尽管CodeForces等竞赛平台允许用户查看测试用例,但平台会将用例**截断**至最多约400个字符。这意味着,标注为"可验证"的数据集通常仅包含最简单、可通过暴力枚举轻松解决的测试用例。
此外,大量题目允许多种正确答案,因此需要专门的"校验程序"来判断用户提交的解法是否正确(约30%的题目属于此类)。
因此,真正具备可验证性的题目需要满足两个条件:一是能够对测试用例进行正确校验(即具备校验代码),二是拥有能够确保解法正确性的高难度测试用例。
## 本数据集的独特优势
相较于此前的同类数据集,本数据集不仅覆盖了更多题目,还具备以下特性:
- **题解解析**:包含由赛事主办方撰写的官方题解(覆盖60%的题目),用于讲解正确解法
- **LaTeX公式转写**:将渲染为图片的LaTeX公式转换为可编辑文本,通过`Qwen/Qwen2.5-VL-7B-Instruct`进行OCR识别
- **校验代码**:为了支持对多解题目进行校验,我们完成了以下工作:
1. 采用真实的参赛选手解法,确保题目可被正常执行
2. 基于这些解法,识别出需要自定义校验代码的题目(即部分正确解法的输出与"标准答案"不一致的情况)
3. 使用DeepSeek-R1生成20至100个自定义校验代码(根据题目复杂度调整数量)
4. 对生成的校验代码进行测试,直至找到能够正确验证真实参赛选手正确解法的代码(即判定其输出为正确结果)
- **额外测试用例**:为确保可验证性,我们针对公开测试用例被截断的题目生成了额外测试用例,流程如下:
1. 使用DeepSeek-R1生成测试用例生成器,覆盖复杂边界情况并充分利用输入限制条件。相较于完全解决题目,生成测试用例的难度更低
2. 使用某一正确的参赛选手解法,获取每个测试用例的"标准答案输出"
3. 将多个正确的参赛选手解法代入测试用例的输入与输出,移除那些不同正确解法结果不一致的测试用例
4. 利用部分通过了多个公开测试(有时甚至是全部公开测试)的错误解法,按照难度(例如:若所有错误解法都能通过该用例,则该用例难度较低)与输入规模进行排序,我们假设输入规模越大,测试用例难度越高
5. 选取按启发式规则得到的难度最高的测试用例,以及部分不同难度的随机采样用例,以确保随着模型解法能力提升,能获得分层的奖励信号
## 数据集子集划分
我们将数据集划分为以下三个子集:
- `default`:全部题目(约10000道)
- `verifiable`:仅包含**可执行**且具备完整官方测试用例(`official_tests_complete`为真)或生成测试用例的题目(共8760道)
- `verifiable-prompts`:与`verifiable`子集一致,但为每道题目提供2个生成式提示(分别对应Python与C++语言)。可通过字段`language`与`prompt`获取相关内容
## 下载生成的测试用例
由于生成的测试用例体积较大(约110GB),您需要单独下载:
bash
pip install -U huggingface_hub[cli,hf_xet]
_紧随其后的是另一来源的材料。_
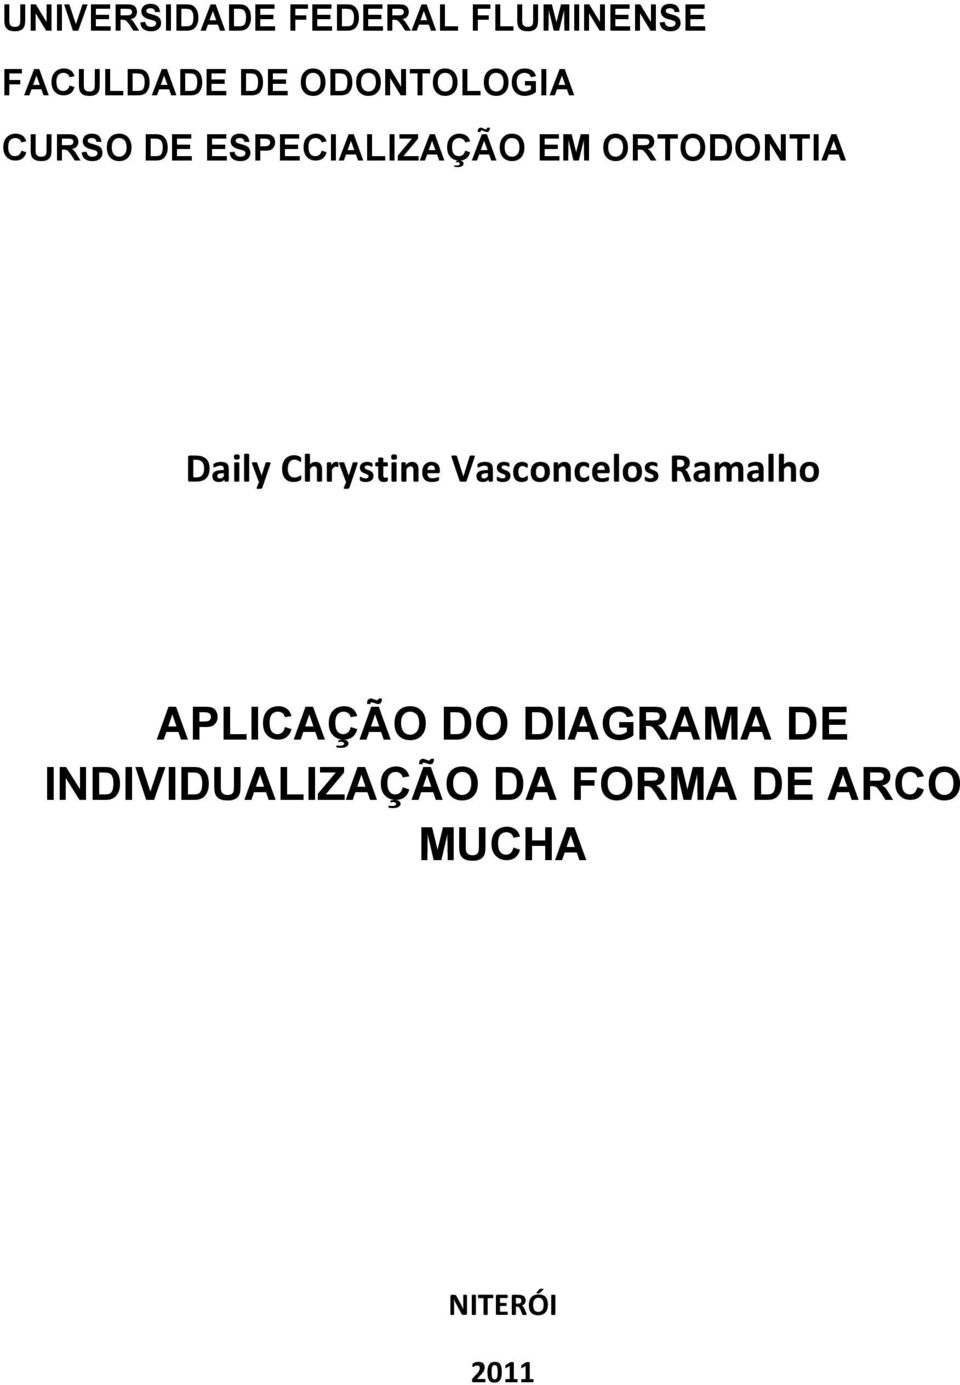 Daily Chrystine Vasconcelos Ramalho APLICAÇÃO DO

# 修改PATH_TO_SAVE_TESTCASES,可根据机器性能调整--max-workers参数
huggingface-cli download open-r1/codeforces --repo-type=dataset --include='generated_tests/*.parquet' --max-workers=8 --local-dir PATH_TO_SAVE_TESTCASES
测试用例按赛事划分,文件名为`test_cases_XXXX.parquet`,其中XXXX为赛事ID。每个Parquet文件包含4个字段:`problem_id`(需与主数据集中的`id`字段匹配)、`input`(输入字符串)、`output`(输出字符串)与`test_case_i`(整数类型的测试用例序号)。
## 数据集划分
我们提供了`test`划分,包含2024年末至2025年初的题目。请避免在训练过程中使用该划分的数据。
## 数据字段
### 通用题目/赛事字段
- `id` (str):唯一题目ID
- `aliases` (list[str]):该题目的其他别名ID(在Div 1与Div 2赛事中较为常见,部分题目会同时出现在两类赛事中)
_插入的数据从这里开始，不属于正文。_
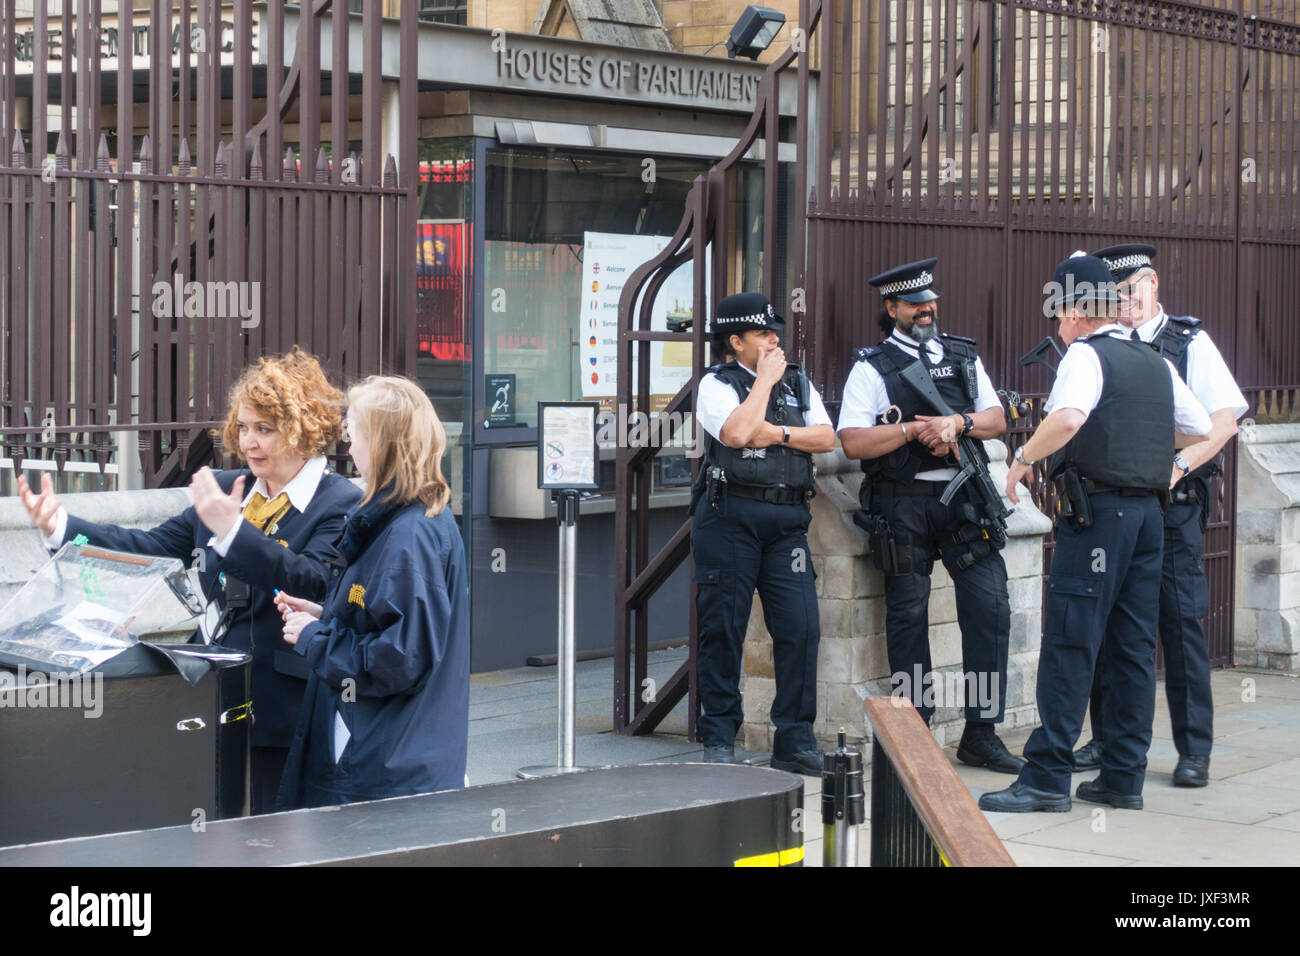 Des policiers armés devant les Maisons du Parlement, Londres, Angleterre Banque D'Images

- `index` (str):通常为字母,代表该题目在赛事中的序号
- `contest_id` (str):该题目所属赛事的ID
- `contest_name` (str):该题目所属赛事的名称
- `contest_type` (str):赛事类型,可选值为'ICPC'、'CF'或'IOI'
- `contest_start` (int):赛事开始时间,采用Unix时间戳格式
- `contest_start_year` (int):赛事举办年份
### 题目描述字段
- `time_limit` (float):每个测试用例的执行时间限制,单位为秒
- `memory_limit` (float):每个测试用例的执行内存限制,单位为兆字节
- `title` (str):题目标题
- `description` (str):题目主体描述
- `input_format` (str):测试用例输入格式的说明
- `output_format` (str):测试用例输出格式的说明
- `interaction_format` (str):(仅适用于交互型题目,当前执行环境暂不支持):描述程序与评测器的交互方式(本数据集暂不支持此类题目)
- `note` (str):示例解法的简短说明
- `examples` (list[{input: str, output: str}]):题目描述中给出的示例测试用例
### 题目元数据
- `editorial` (str):题目原作者提供的解法说明(若可用)
- `rating` (str):题目难度评级
- `tags` (list[str]):题目标签
### 测试与执行数据
- `testset_size` (int):完整测试集的测试用例数量,该数值来自该题目的所有正确解法的`passedTestCount`字段
- `official_tests` (list[{input: str, output: str}]):CodeForces平台上未被截断(长度≥400字符)的全部官方测试用例
- `official_tests_complete` (bool):是否已获取该题目的所有官方测试用例(无测试用例被截断)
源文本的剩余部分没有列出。